PS: Sorry for the bad image quality, I’m taking the pictures with my 8MP smartphone camera which doesn’t really know how to focus^^ 😀
Prototype #5 was made like #4, except:
– I didn’t use a sieve when shredding, I just shredded the plastic multiple times and took out too big pieces in the end.
– I used 2mm spacing inbetween.
The results look very promising to me, I just have to add more material next time to get the sheets superflat and somehow make them even flatter if possible.
… actually consists of 2 objects, they are made with the same material, the same temperature, have the same thickness, unfortunately both are not full size. However I really love the texture, the feel and the thickness (mostly perfect 2mm!)
Heat: 230-240°C, Material: PP mixed colors, heated 10 minutes per side.
The only thing to be aware of is air bubbles that can form when spreading out the material too much! Better to do it like shown on the first picture!
About the reflectivity of a sheet of plastic. Now I guess I understand why my plates are not so glossy. You have a thin sheet of metal with appropriate finish in contact with plastic whereas I have a thick metal plate that is polished appropriately, but not to a glossy finish.
Good, now as I understand it I can adjust the sheet press arrangement we have.
BTW – the plates you make get better and better. Any ideas what you’ll be making out of them?Toggle replies
@oceanplastic Yes, great idea! I will try that in the future, thanks! 🙂
@lululololala I have two metal plates (33x33cm) and inbetween I lay the plastic. To achieve steadily thickness, I used little plates with the same thickness that I layed inbetween the plates with the plastic. These pieces were 2.5mm thick, so my plastic sheet was 2.5mm thick in the end too. 🙂
All the best
I love your work! your sheets look amazing and the communication of the process is very clear as well 🙂
I’m thinking of using a heatpress inc. a low mold to be able to create different forms of tiles / thick sheets without needing to cut a lot of excess plastic.
Have you tried anything like this, or do you think it will be possible?
I would use this to make for example hexagon shaped or round tiles. I think it would be much easier if this was possible this way, instead of with the injection machine (although the injection machine obviously has a larger purpose range).
I’ve found this heat-press, which I think is a good deal (only €90) and has a good size to start with: https://www.ebay.com/itm/DIGITAL-HEAT-PRESS-MACHINE-T-SHIRT-SUBLIMATION-PRINTER-TRANSFER-12-X10-PRESSING/222513097837?hash=item33ced06c6d:g:aBAAAOSw9fRZv1V8Toggle replies
and hi @veradevera
unless you are planning on producing a sheet that is 2.5mm (not cm!) thick like flo-2, I recommend looking for an oven with compression to make tiles with molds.
flo-2 also has 0.8mm (wow) stainless steel sheets.

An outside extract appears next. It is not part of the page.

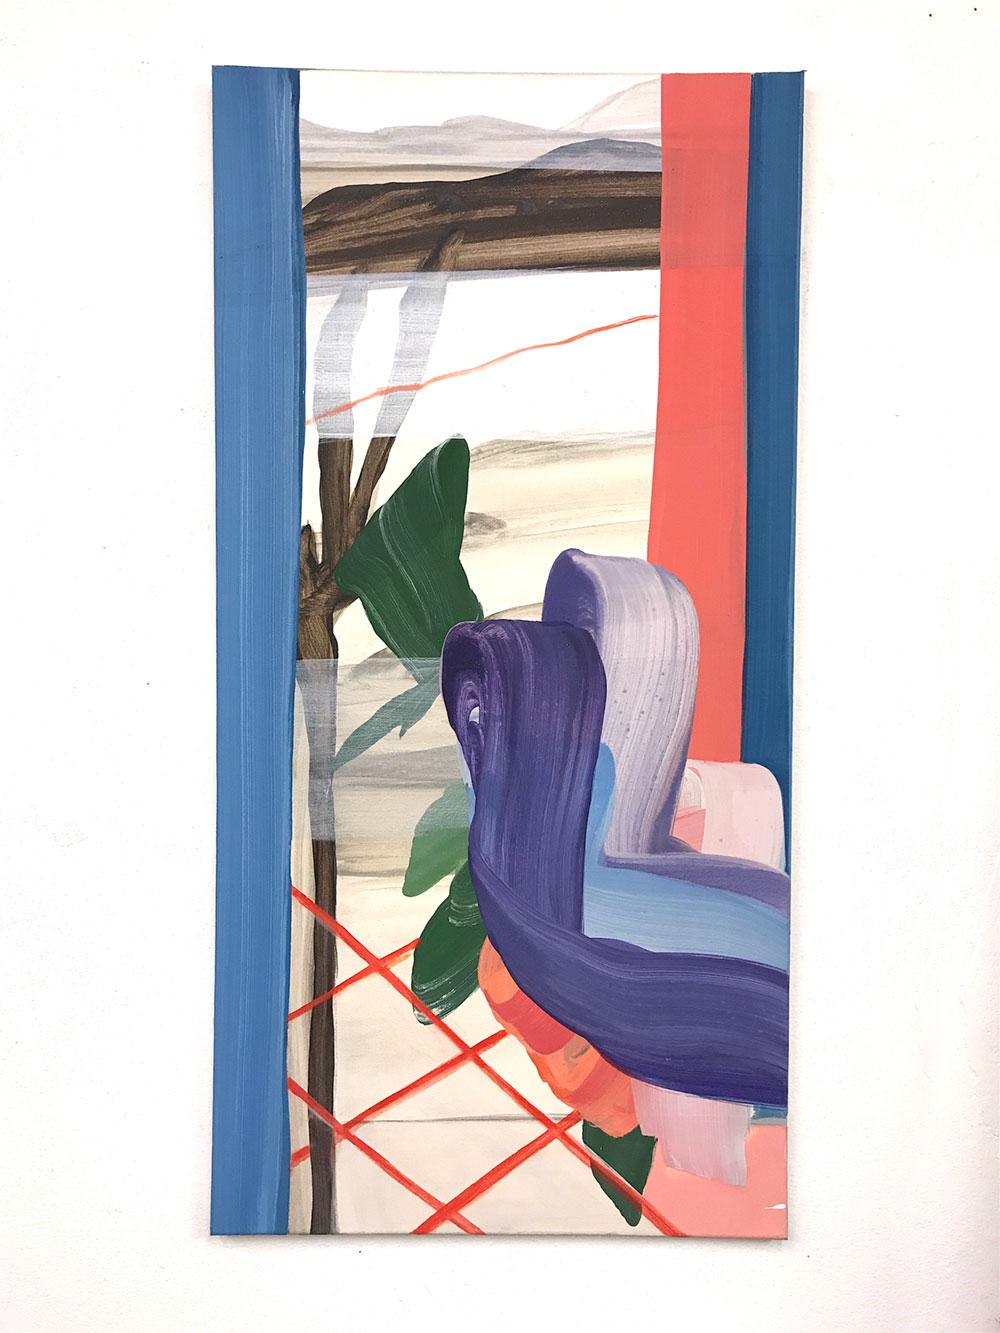 moje assefjah Branch 2017 eggtempera on canvas 100x-50 cm sholeh abghari art gallery marbella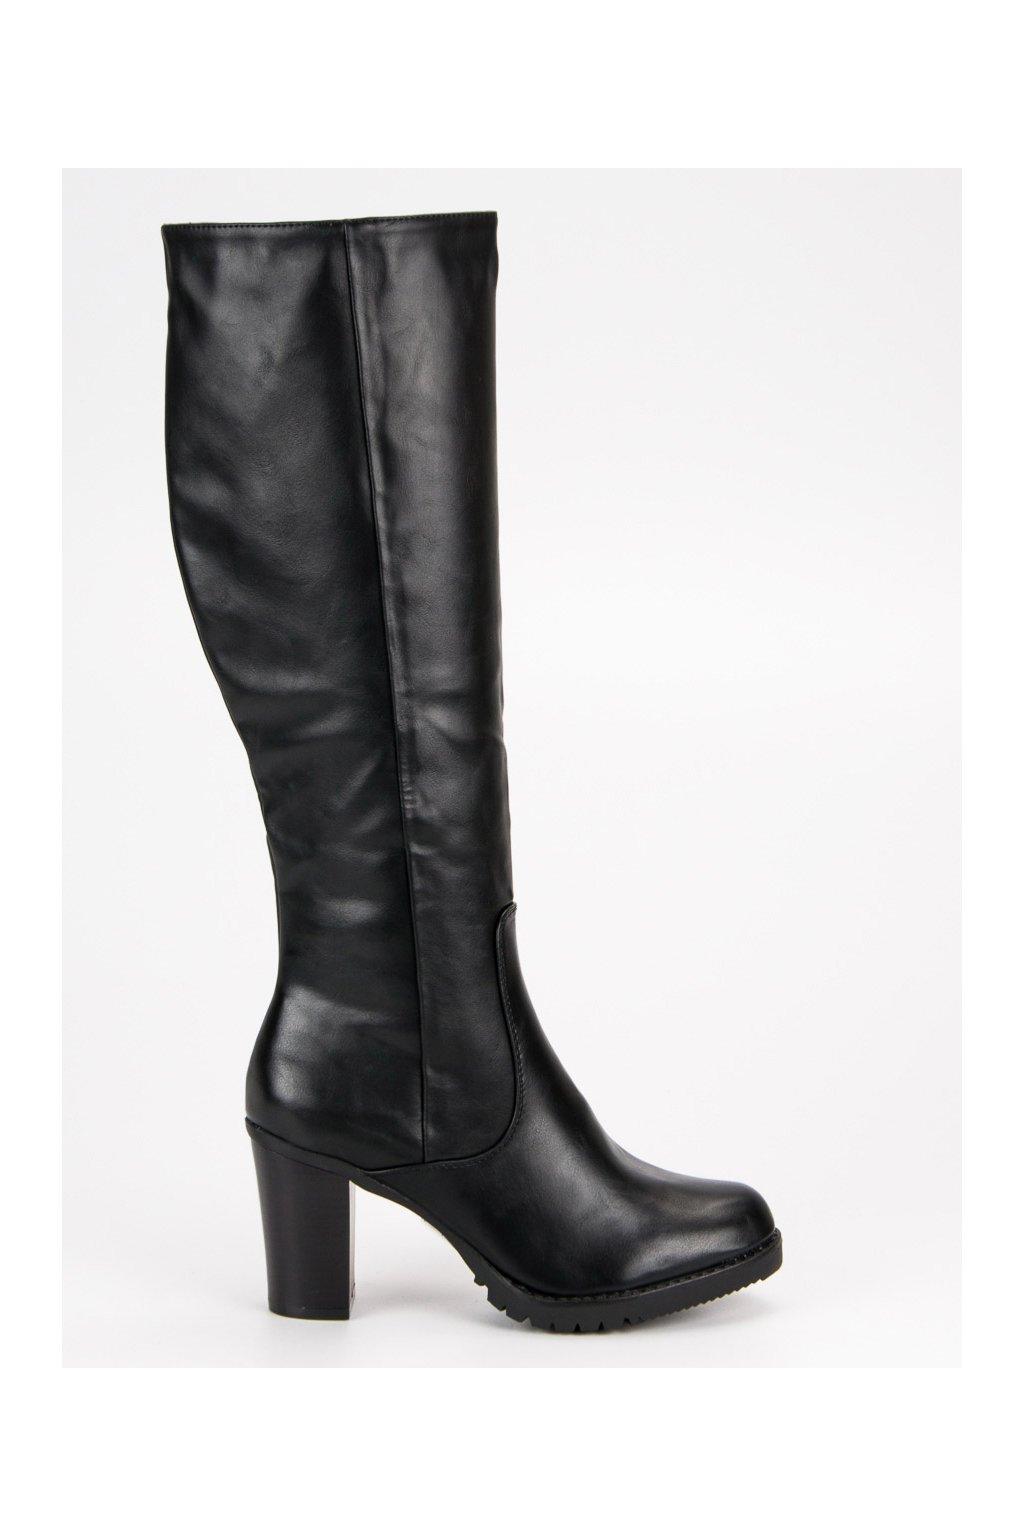 Klasické dámske čižmy čierne HX19-16029B b88d0e7527d

a t shirt press heats from the top—>bottom, so if your tile is about any thicker than 10mm, it could be difficult to get heat transferred evenly through the tile. the top part risks burning by getting heat transferred all the way to the bottom.
the heating process may include flipping the mold, but make sure the flakes at the bottom dont fly out!
using an oven with press/injection/extrusion is great because the surface area that the heat(or metal) that is in contact with plastic is relatively large, while the volume/thickness of plastic itself is kept relatively low(shredded or cut films).